As it did in the past, Congress continues to address problems surrounding performance licensing in a piecemeal fashion. Bills have been introduced in both houses to rectify the perceived injustices of the webcaster rate proceedings, introduce platform parity and require over-the-air radio to pay a performance license. While most of these bills would go some way in improving the current morass, they do not go far enough. In addition, one of them threatens to erode consumer rights in the name of introducing platform parity.

Small Webcaster Settlement Act

Pursuant to calls by small commercial webcasters to set aside the Webcaster I ruling, Congress passed the Small Commercial Webcasters Settlement Act of 2002 (SWSA). The SWSA allowed SoundExchange to negotiate licenses directly with small webcasters. However, the SWSA specified that rates negotiated under the Act were a compromise that did not represent an actual market place transaction. As a result they were not to be regarded as benchmarks in any future CRB proceedings.

On December 12, 2002, SoundExchange and a coalition of small commercial webcasters called the Voice of Webcasters notified the Copyright Office that they had negotiated an agreement under the SWSA. The Office published the terms of this agreement, which became the alternate rates available to small commercial webcasters.

The agreement significantly lowered the rates for small webcasters. For 1998-2000, it allowed webcasters to pay either 8% of gross revenues or 5% of their total expenses—whichever was higher. For 2003 and 2004, these rates were set at 10% of gross revenue for the first $125,000 and 12% of revenue for any amount exceeding that figure.

Internet Radio Equality Act

Two companion bills, both named the “Internet Radio Equality Act” (IREA) were introduced in the House and Senate in 2007. Both bills aimed to nullify the May 1, 2007, royalty determination of the Copyright Royalty Board – Webcaster II.

Both bills proposed to replace the controversial willing buyer/willing seller standard for determination of royalties with current standards that apply to other digital music services such as satellite radio. Also, both bills would replace the rates set by Webcaster II. Under the bills’, all webcasters would have the option of paying either 0.33 cents per hour of transmission to one listener or 7.5% of revenues received by the provider.

A coalition of webcasters, calling itself the SaveNetRadio Coalition, has come out in support of the House bill. Because the bills are so similar, one can infer the coalition is likely to support the Senate bill as well. SoundExhcange and MusicFirst oppose the bills and contend that these rates would serve as a windfall for large webcasters. As of the publishing date of this website, both bills are pending before Congress.

The Perform Act of 2007

The Perform Act was introduced in the Senate on Jan 11, 2007. The bill seeks to reform rate-setting procedures and introduce platform parity. Like the IREA, this bill would change the controversial willing buyer/willing seller standard to one based on fair market value. It would also require uniform rate setting standards for webcasters, satellite radio providers and cable radio services. However, the bill would not apply to analog broadcasters, who could continue to transmit music without paying performers and record companies.

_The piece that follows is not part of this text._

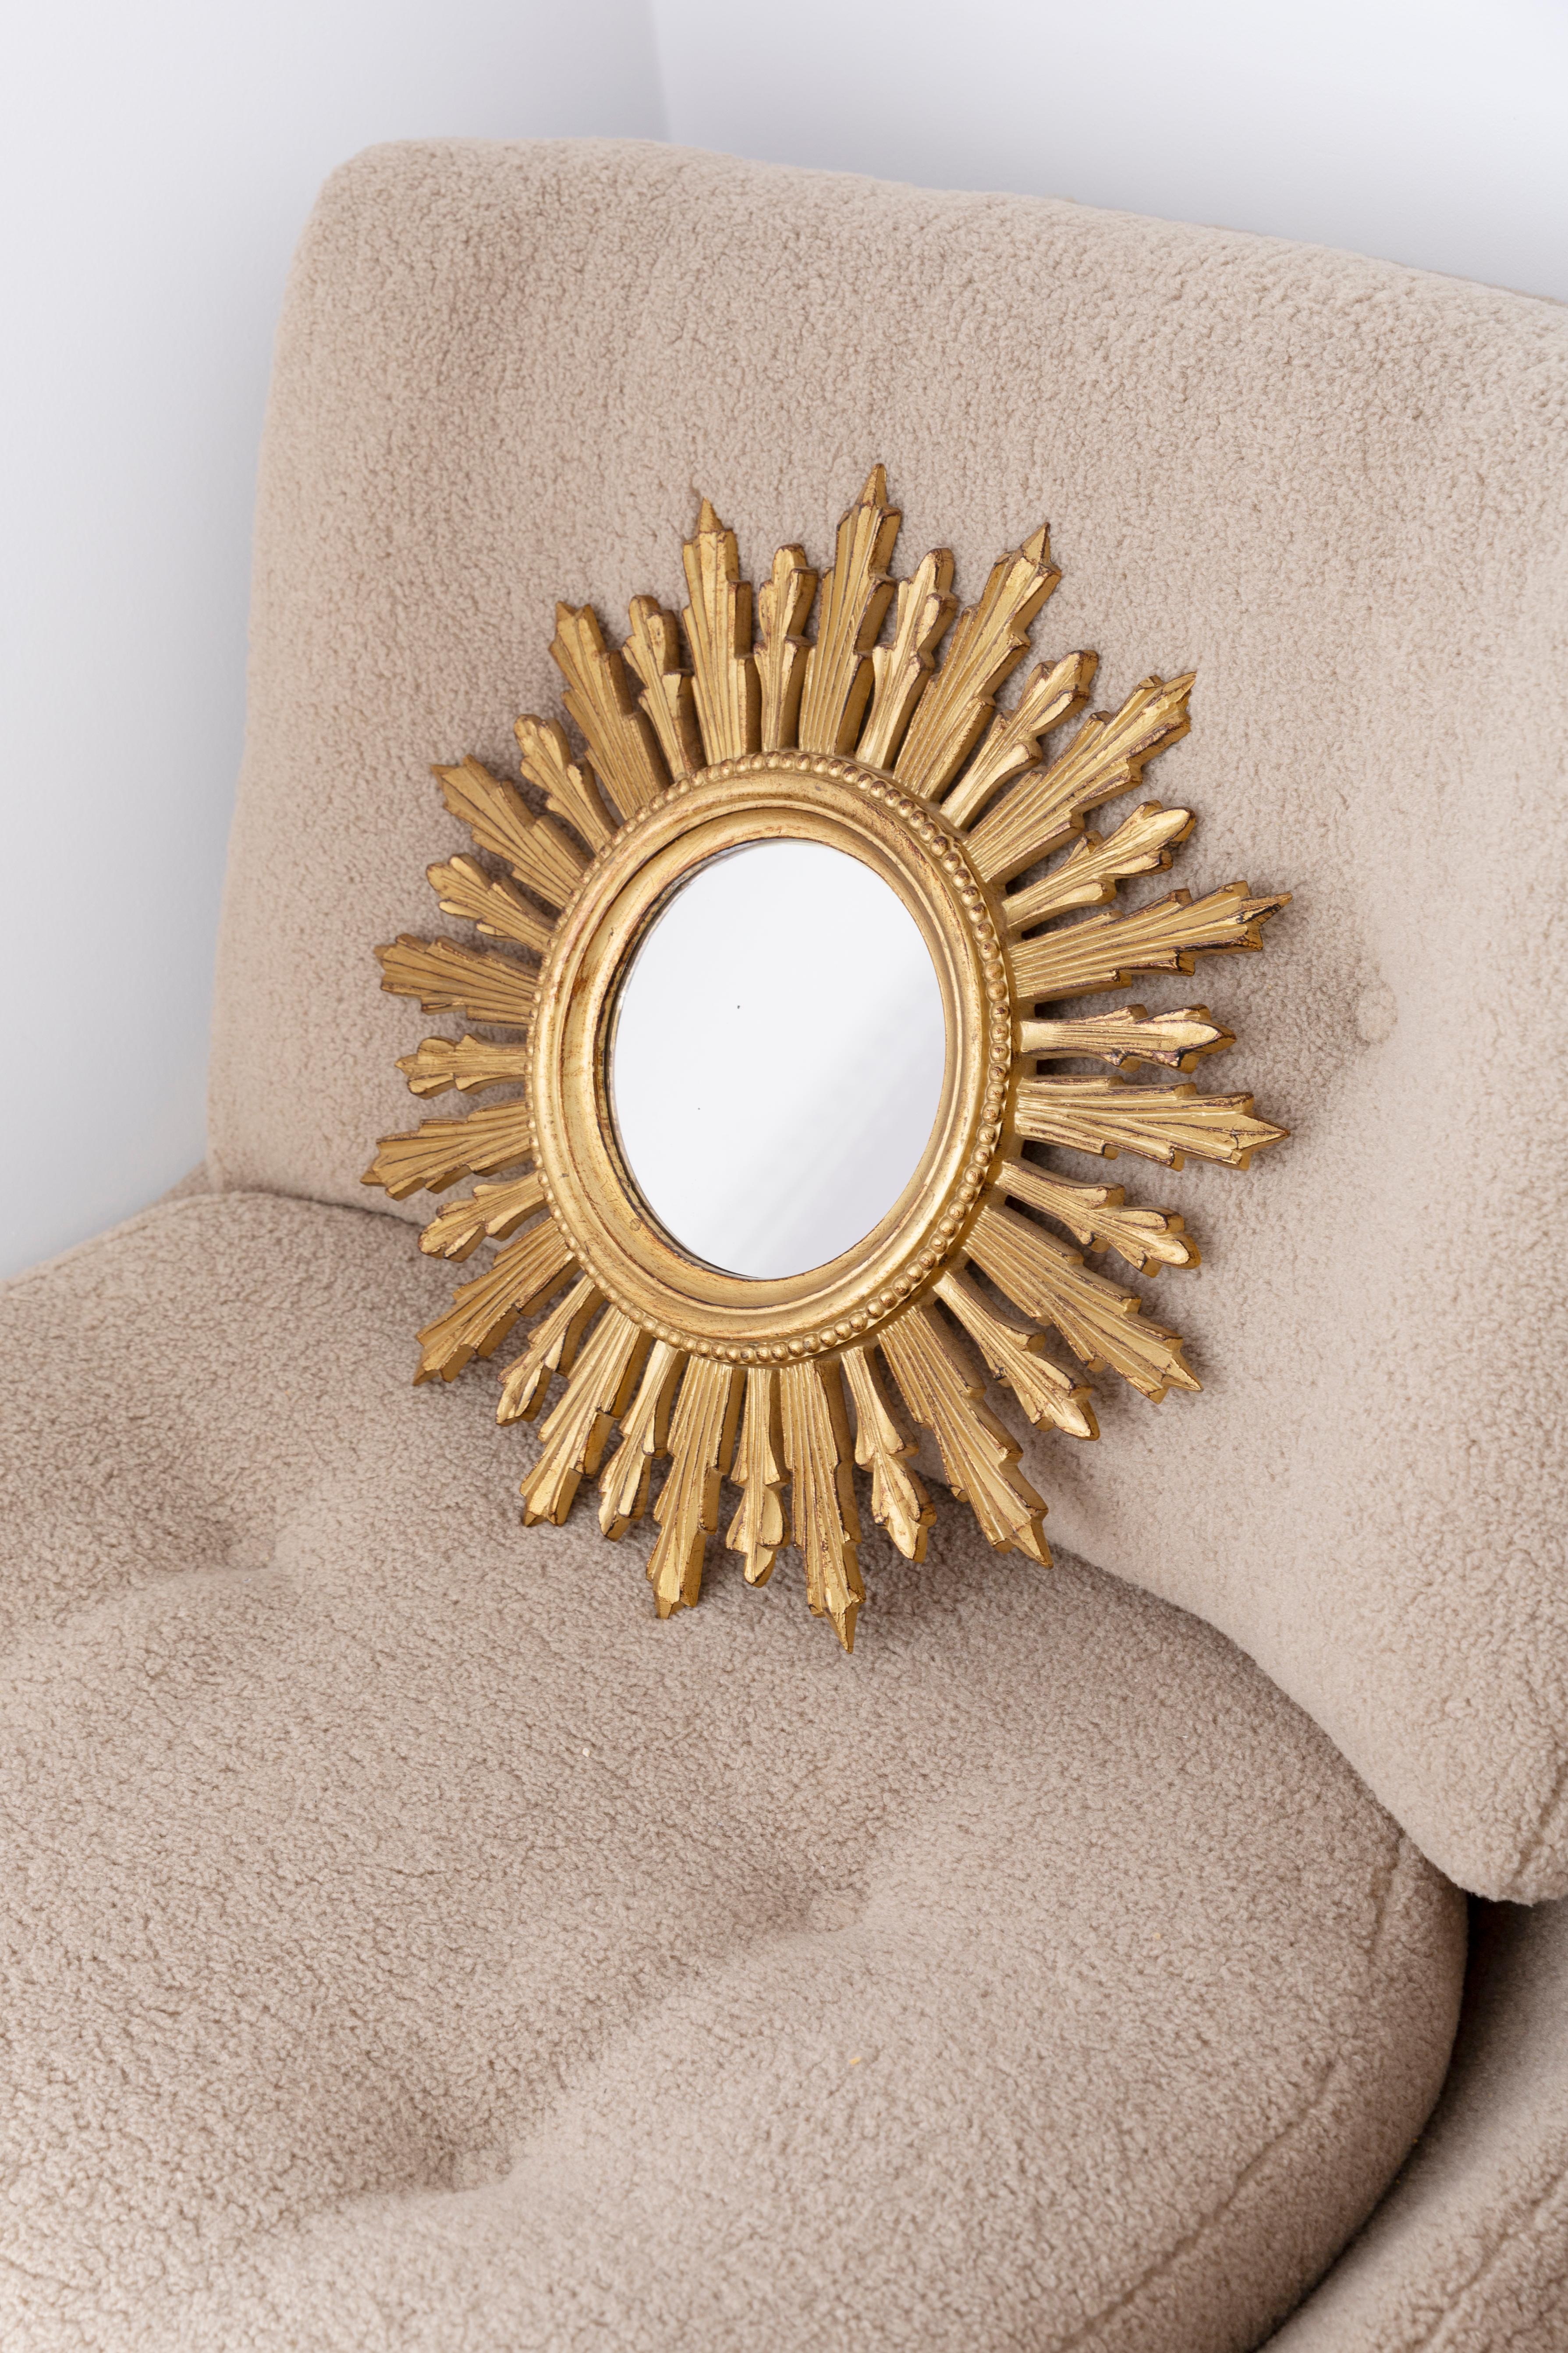 A mirror in a golden decorative sun-shaped frame from Italy. The frame is made of plastic and wood. Very good condition, no damage or cracks in the frame, the mirror pane has minimal flaws. Beautiful piece for every interior! Signed

While the bill’s proposals to establish platform parity and reform rate-setting standards and procedures would bring about much needed reform, the bill also contains several provisions that are unfair to consumers. First, the bill would severely restrict home recording rights and require services to install DRM to achieve these restrictions. Consumers would be allowed to record only based on blocks of time and not on specific songs, albums or artists. In addition, the devices would have to be designed so that consumers could only listen to the recordings in the same order they were recorded. What does this mean in practical terms? It means that users would be allowed to record a random block of songs—say 5 minutes worth of songs from their favorite radio station—but would not be allowed to split that recording into separate songs or to attempt to record only specific songs played on the station.

The DRM provisions of the Perform Act are based on the reasoning that modern devices that allow consumers to record songs, create their own playlists and listen to music in whatever order they wish would amount to a distribution of music and displace record sales. Thus, any digital broadcast of an audio recording must be protected using technological protection measures. The reasoning seems to be specifically targeted at XM’s portable receiver called the inno.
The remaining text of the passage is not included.